Jamie Foxx is this year's edition of Daddy Warbucks, a cell phone magnate (???!!!) running for NYC Mayor.  To gain some votes, he takes Annie under his wing and such a cheap political ploy is indeed the only honest moment in the movie.  One of my favorite numbers from the original is when Warbucks takes Annie on a tour of Manhattan while singing "NYC."   Well, in this version, Foxx sings something different and very badly as they take a helicopter ride around the city.  While we're all waiting for Sandy the dog to say "arf," most of us were getting ready to barf.  Meanwhile, Foxx is reduced to doing so many spit takes that you wonder if the film's technical advisor is Danny Thomas.

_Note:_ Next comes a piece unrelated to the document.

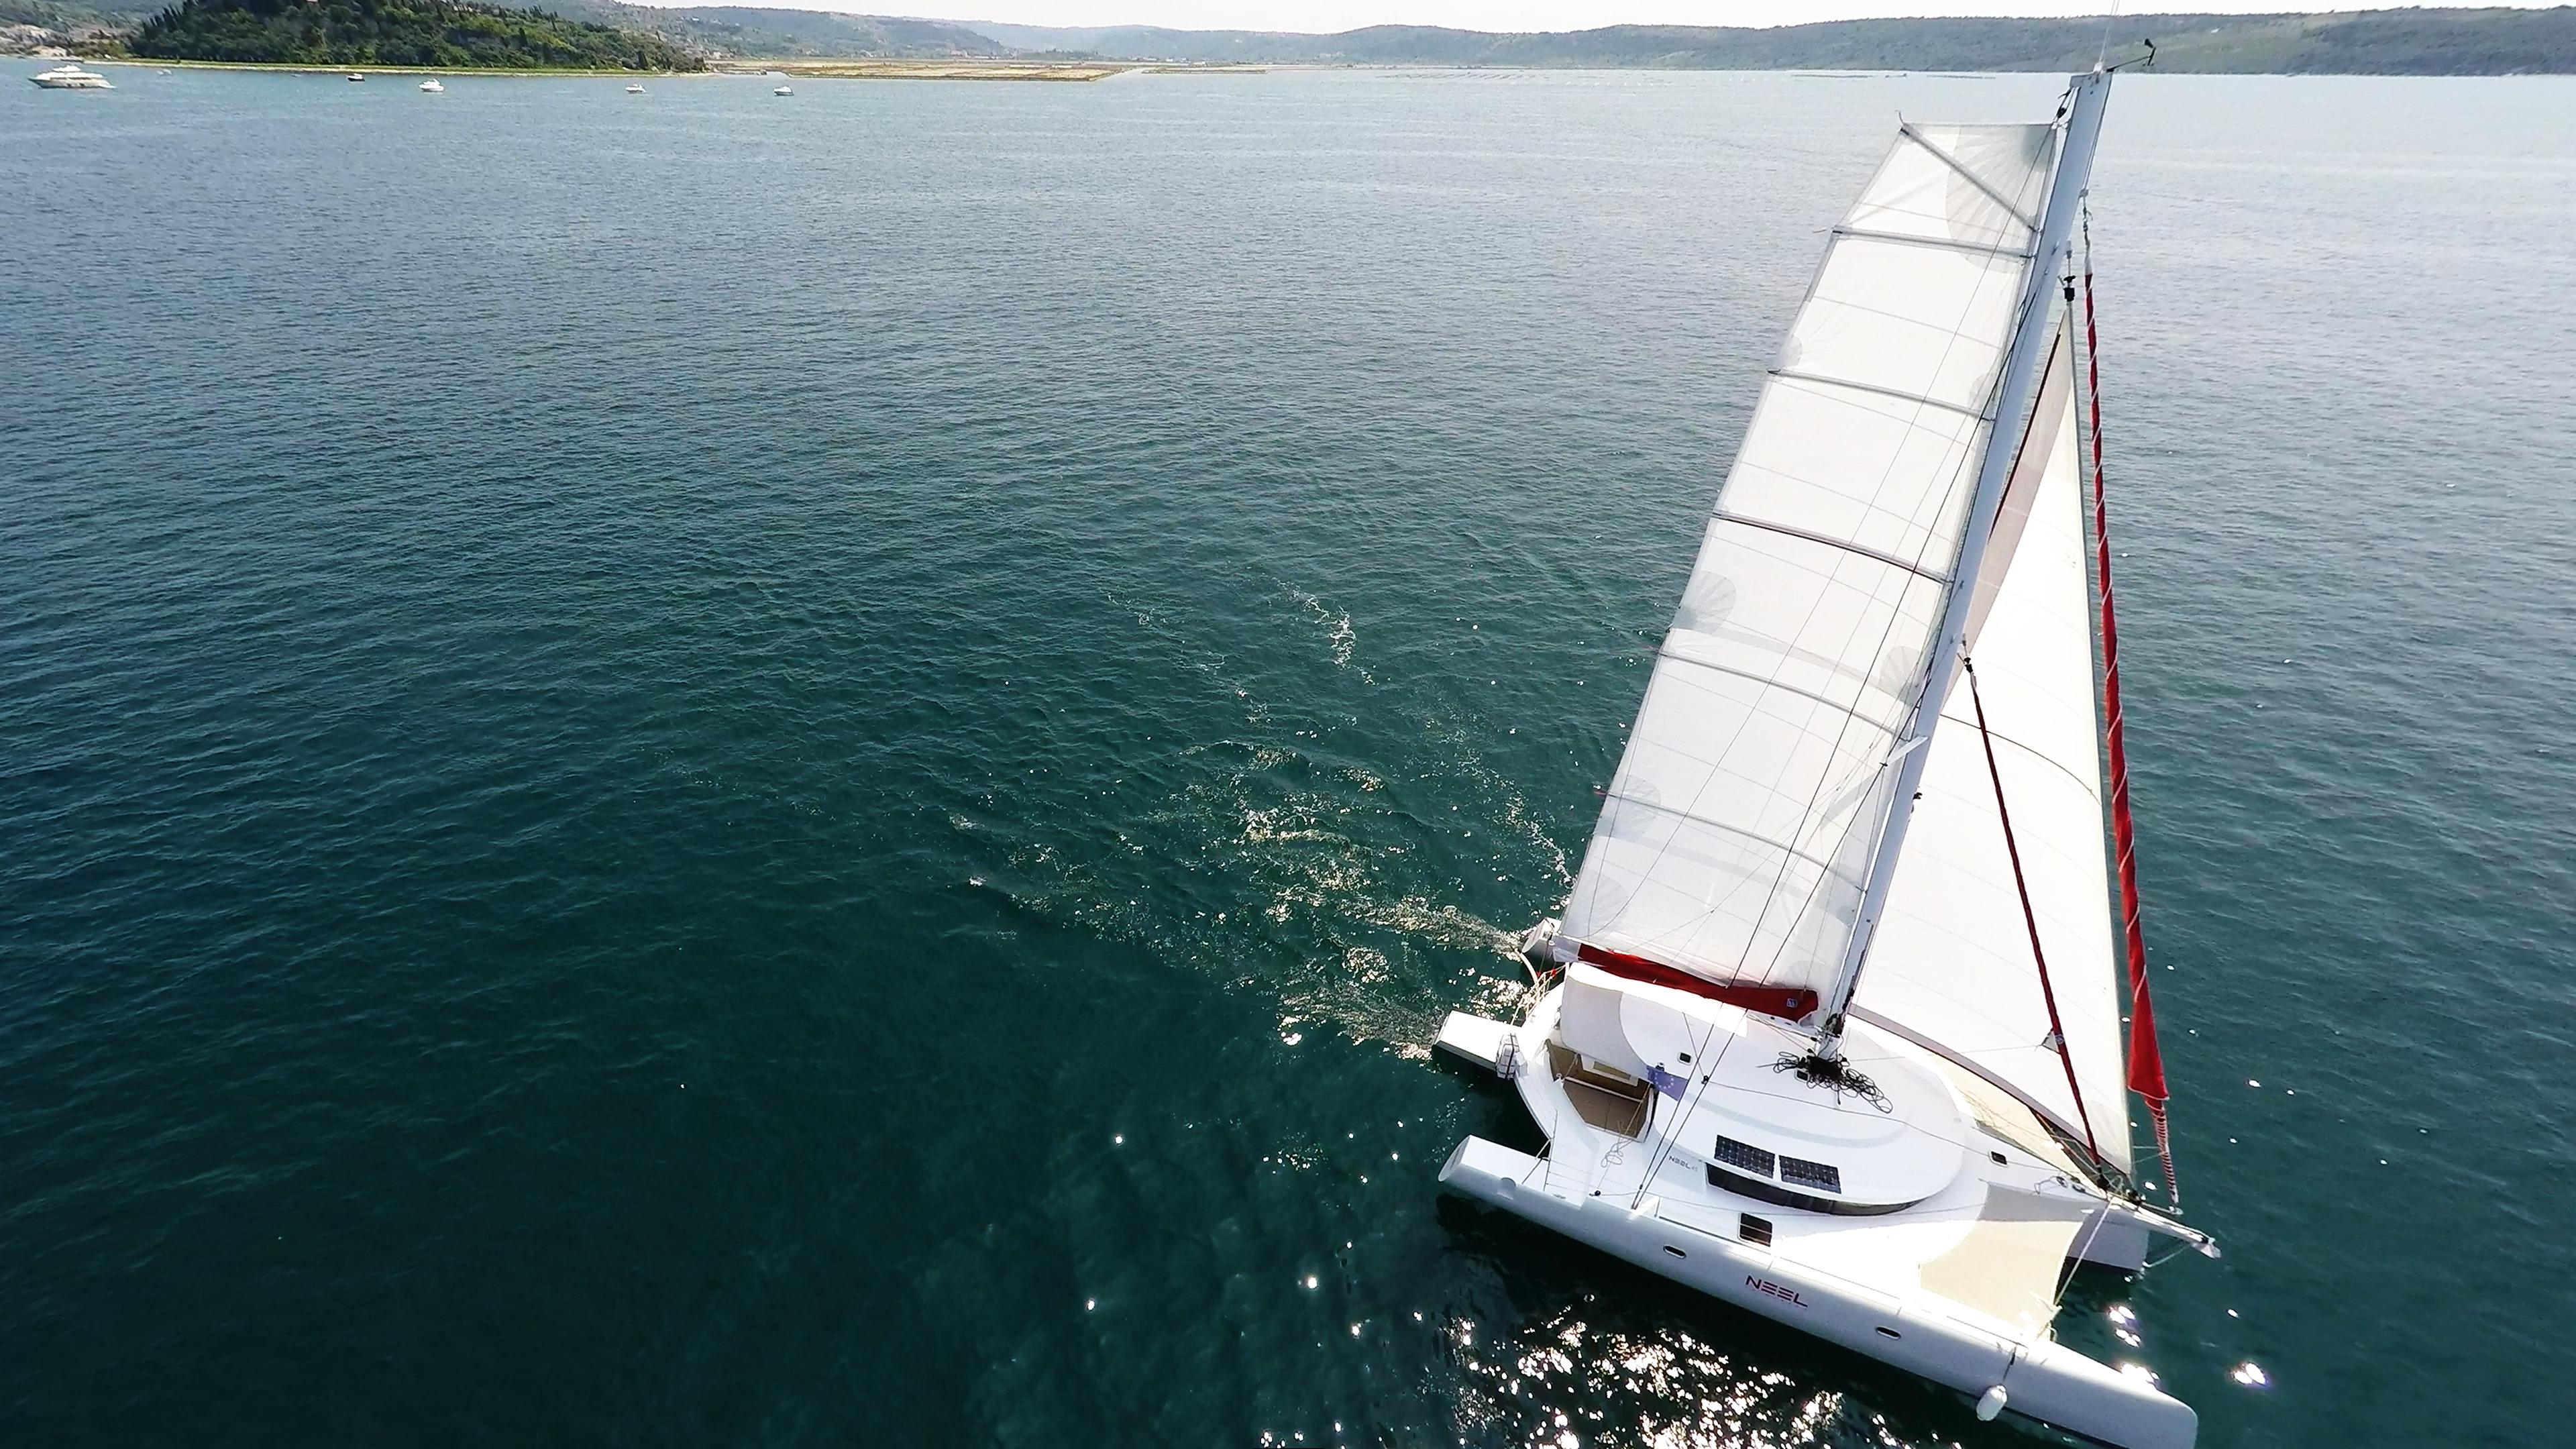 multiscafo noleggio yacht naviga a vela

There are so many moments of lecturing that "Annie" feels like it was co-written by Reverend Jeremiah Wright.   Indeed, if it had gotten into production a few months later, I'm sure producers would have figured out a way for Annie to be accosted by a policeman.  Indeed, when this script showed up at the Sony gate, somebody really should have yelled "hands up, don't shoot." Shoot the script, I mean.

But, wait, there's more!

Annie winds up at a political fundraiser for her "daddy," and ends up singing some unintelligible torch song like Beyonce in front of a full orchestra.  Two minutes later into the movie, it's revealed that she can't read!  

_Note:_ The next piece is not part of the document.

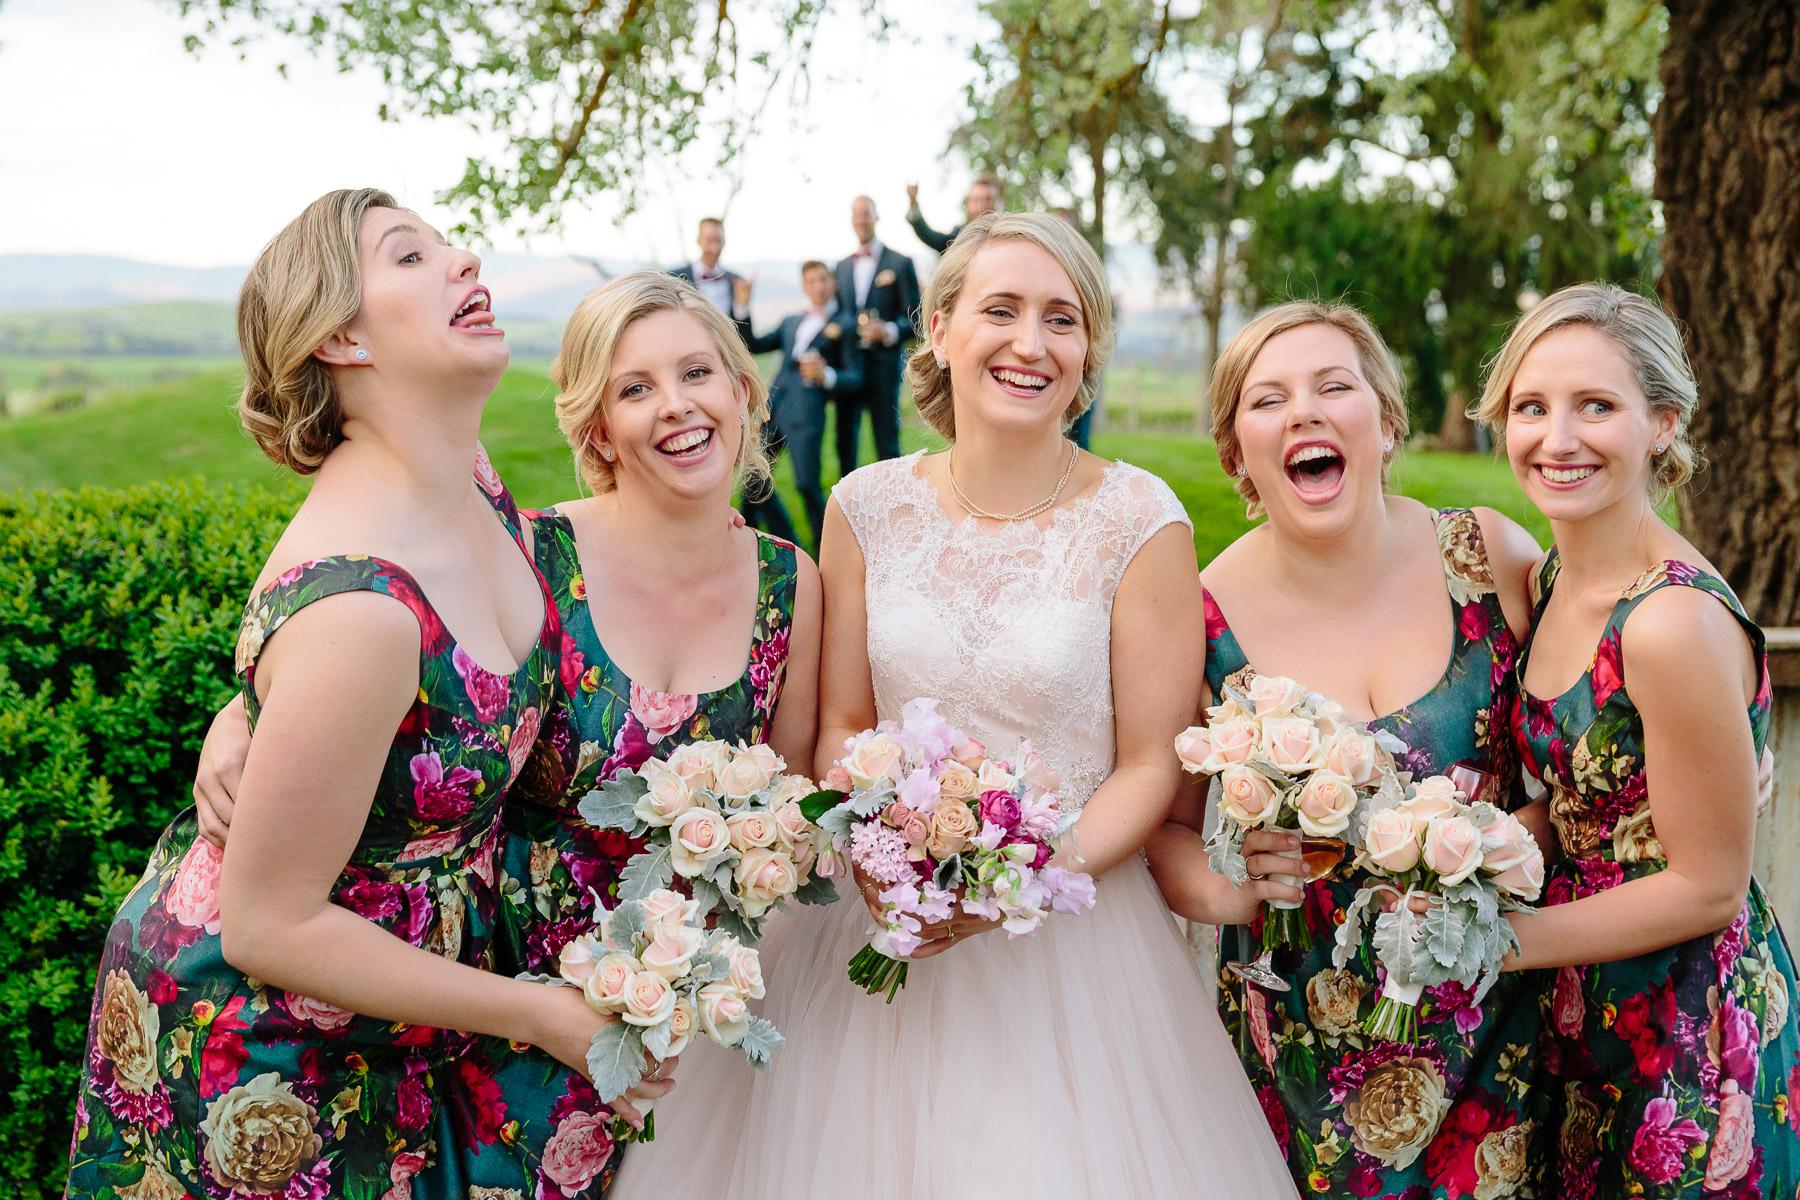 Marnie_and_Charlie_Yarra_Valley_Wedding_Blog-64.jpg

Help?  Anybody???  Are there refunds available???

So, in this world of Annie, we have Twittering and blogging and so many timely references that the film will be essentially outdated by next Tuesday.   Meanwhile, at the end, there is a "24"-like chase scene that is so badly shot that somebody should notify the Cinematographers' union.  The chase is one minute at the George Washington Bridge and then inexplicably at Liberty State Park which is completely the other direction.

This is one of those movies which has so much bad stuff coming out of it that I really wish they would allow laptops at screenings.  Hey, I knew a funny blog piece would come out of it all.   But I didn't even imagine it would be this hateful and disastrous.  Sadly, I went with a good friend who brought her own daughter.   Now, the youngster liked it.  Of course, if you've never had gelato, Icee tastes perfectly fine.  But, I also told her that she should really see the stage musical if it ever shows up on tour.  That, my friends, is the real "Annie."

And, finally, a lesson to all involved.   Personally, I don't care whether Annie is white, black, brown, yellow, or chartreuse.  The story needs to be written color blind and kept as close to the original era as possible.

But, of course, no.   Not in Hollywood today.   And, especially not with the likes of Will Smith and Jay-Z at helm.  

Yep, there are some things that need to be left alone.

Arf.

LEN'S RATING:   Minus four stars.   The highest insult I can give it.

Dinner last night:  Chicken sausage, rice, and corn.